Jimmy Carrillo

Jimmy Carrillo

What Remains in the Air

Residency 6. Patterns and care: Mathematical thinking in the Amazon

Host Institutions:
IMPAKT, The Netherlands
Alta Tecnología Andina, Perù

What Remains in the Air traces the altered soundscape of the Amazon and the Shipibo-Konibo people from 2025 back to 1925. Conceived as a fragmented symphony, the work reflects on loss—of territory, biodiversity, and musical knowledge—under the pressures of extractivism and climate change.  

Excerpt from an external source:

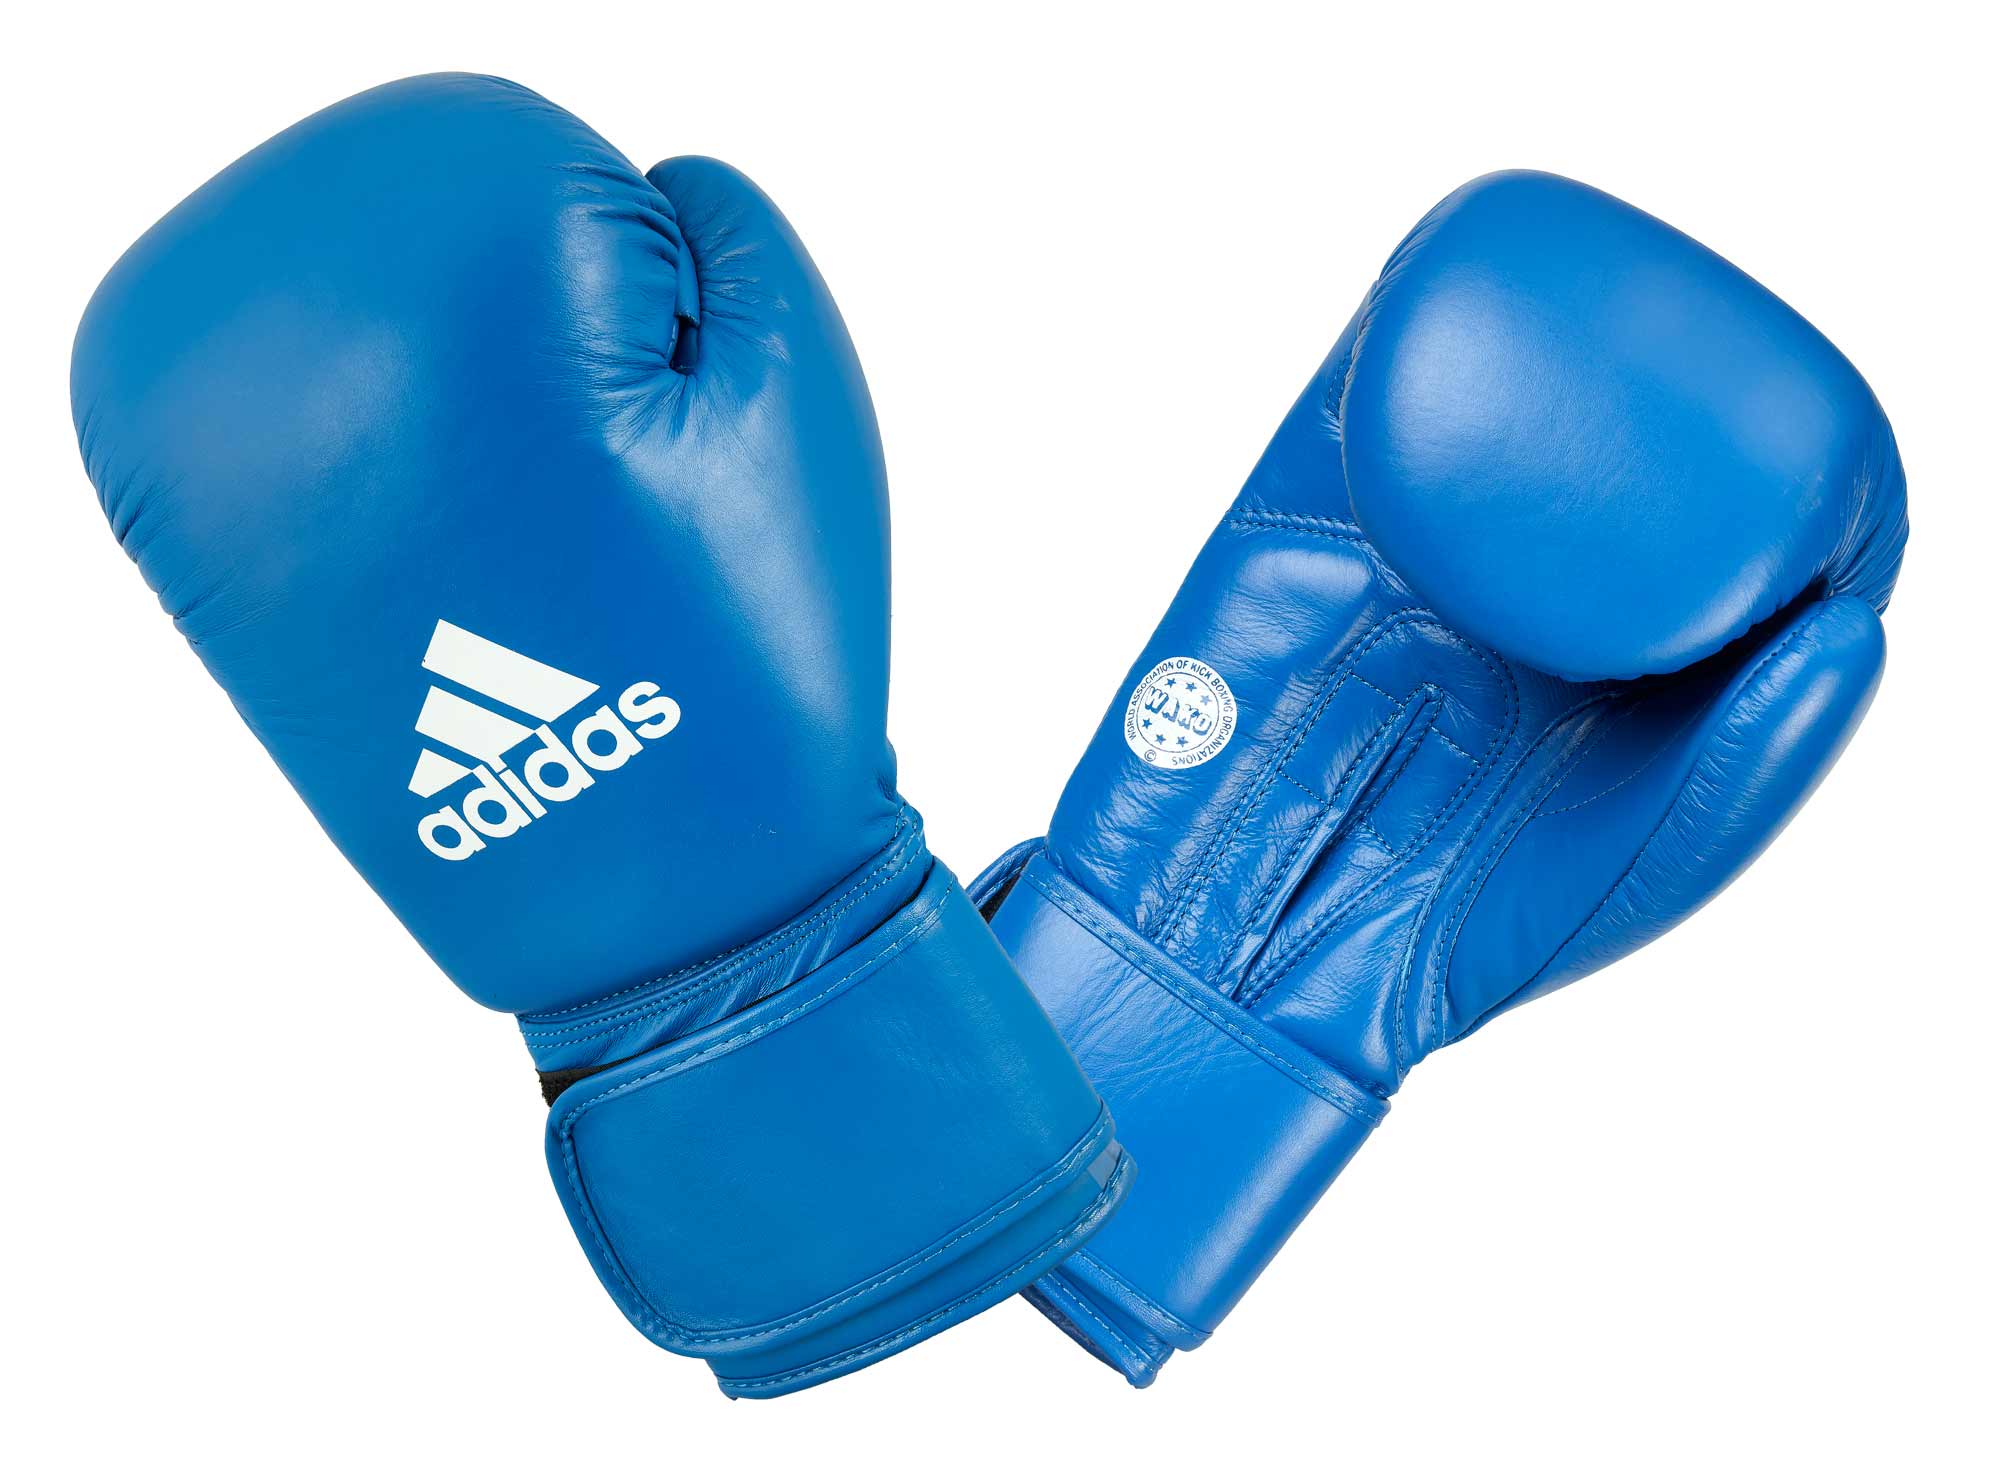 Adidas WAKO Kickboxing Gloves Leathe 10oz

The installation comprises a two-channel video environment anchored by cubic forms made of soil. On one side, generative abstractions respond to visitors’ movement, translating bodily presence into shifting constellations of particles. On the other side, footage recorded in the Pucallpa region of the Peruvian Amazon unfolds in three temporal chapters.
In the first chapter, noise prevails: dispersed particles of sound and light repel one another, mirroring pressured ecosystems and fragmented communities. Human presence intensifies this separation. In the second chapter, flows emerge—colored particles drift like rivers or serpents, as ancestral rhythms intersect with experimentation. In the third chapter, harmony returns: earth-toned particles move as a coordinated mass, evoking the territory as a living organism.


Threaded throughout is the ícaro—a healing chant that moves from distortion to clarity. Here, digital systems function as a listening apparatus, situating contemporary media within longer histories of song, memory and communal endurance.


Jimmy Carrillo is an interdisciplinary Peruvian artist and journalist exploring climate change, memory, and indigenous knowledge through technology and storytelling. Author of the award-winning graphic novel 181, he holds a Master in Innovation and works with environmental and human rights groups to amplify unheard voices and promote territorial and cultural sustainability.